Like many real estate brokers, Ben Fisher used to acquire followers at something close to a snail’s pace. Since creating his account in March of 2010, only 300 users had chosen to follow the Park City, Utah-based broker.
But after using an innovative marketing service, Fisher’s followers skyrocketed by close to 90 followers within the span of a week.
“That’s a pretty huge increase,” he said. “I got a lot of thanks for favorites and all sorts of messages and stuff. It seemed to increase engagement.”
Chalk up the explosion in Fisher’s followers to Followgen. Only six months old, the company bags engagement numbers for its users that appear to soar above those associated with Twitter’s advertising products.
Followgen works by engaging users in a way that none of Twitter’s paid ad products do. The service targets Twitter users by “favoriting” their tweets. Any user may favorite tweets by clicking the “favorite” widget beneath a tweet. That tags the tweet with a star, and sends a notification to the author of the tweet.
But Followgen enables users to automatically favorite hundreds, even thousands, of tweets. Operating a Followgen user’s Twitter handle, the service assigns favorites to tweets whose contents meet certain criteria set by the Followgen user. That criteria includes keywords or phrases, location, content, time period, device and sentiment.
Twitter ad products offer some of the same targeting options. But they don’t allow users to drill down to as granular a level as Followgen in some categories, and they don’t use favorites to reach users.
Followgen outperforms Twitter ad products because it creates a “one-to-one interaction” between marketer and targeted users, said the company’s 25-year-old founder, Myles Recny. While Twitter’s ad products expose a marketer’s tweets, handle or manufactured trend to users, Followgen, on behalf of a user, directly interacts with others by favoriting their tweets. That increases the likelihood of eliciting a response, according to Recny.
Followgen’s service conveys to targeted users, “Hey, I like that piece of content that you shared,” Recny said. “It’s not just promoted tweets hovering at the top of your stream, sort of disconnected from you.”
Indeed, the service seems to offer significantly higher return on investment than Twitter’s ad products.
Targeting the terms “real estate,” “luxury” and “Park City,” Fisher gained 86 followers in a week from over 4,000 targeted favorites that Followgen doled out for him. He used a week-long trial version of Followgen’s “shuttle” product, which costs $29 a month.
If he extended his campaign by paying for “shuttle,” and he maintained the conversion rate of his week-long campaign, he would have ended up paying $29 for 334 followers ,or about $.08 per follower, over a span of four weeks.

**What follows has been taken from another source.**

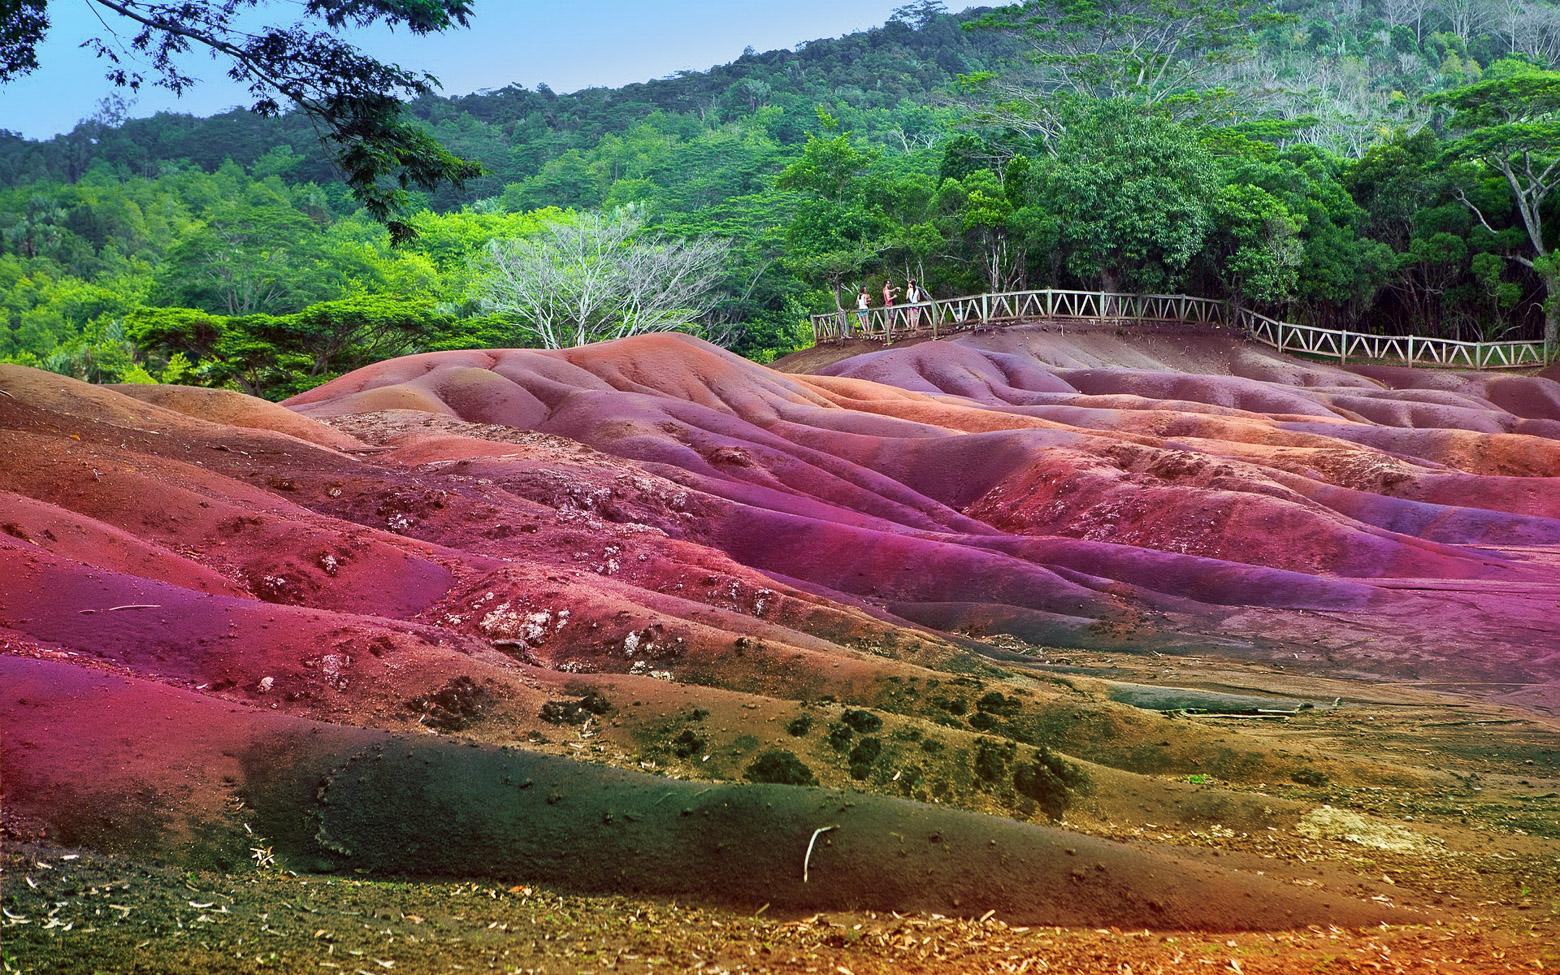 Шамарель - одна из главных достопримечательностей Маврикия

There don’t appear to be any figures available that capture average ROIs for Twitter ad products, but anecdotally, their bang for your buck seems to pale in comparison to what Followgen did for Fisher.
A Bloomberg Businessweek story that ran last summer, for example, referenced two business owners who used Twitter’s self-service advertising, and both reported spending what works out to be more than $5 in advertising credit to acquire just one follower. That’s about 60 times as much per follower as what Fisher paid using Followgen.
While Followgen delivers impressive results, some might dismiss the service as a dubious provider of heavily camouflaged advertising. Followgen provides no indication to targeted users that they are being tagged through an automated system. And people targeted by favorites cannot determine from a Followgen user’s profile that the user is using Followgen.
But before writing off Followgen, it may be worth remembering that many, if not most, people join Twitter to advance an agenda, whether personal or business-related.
Many of these users behave in hyper-extroverted and exhibitionist ways as a result. Sometimes that means following and mentioning handles like there’s no tomorrow. Favoriting is no different. People and brands do it all the time to reel in followers.
Followgen simply automates the process. Just like users who attempt to generate leads through individual actions, it advances an agenda without explicitly announcing that it is doing so.
The only difference is that Followgen executes the strategy on a scale that self-promoting Realtors or loan officers, who may invest significant time following or favoriting others to attract attention, could only dream of.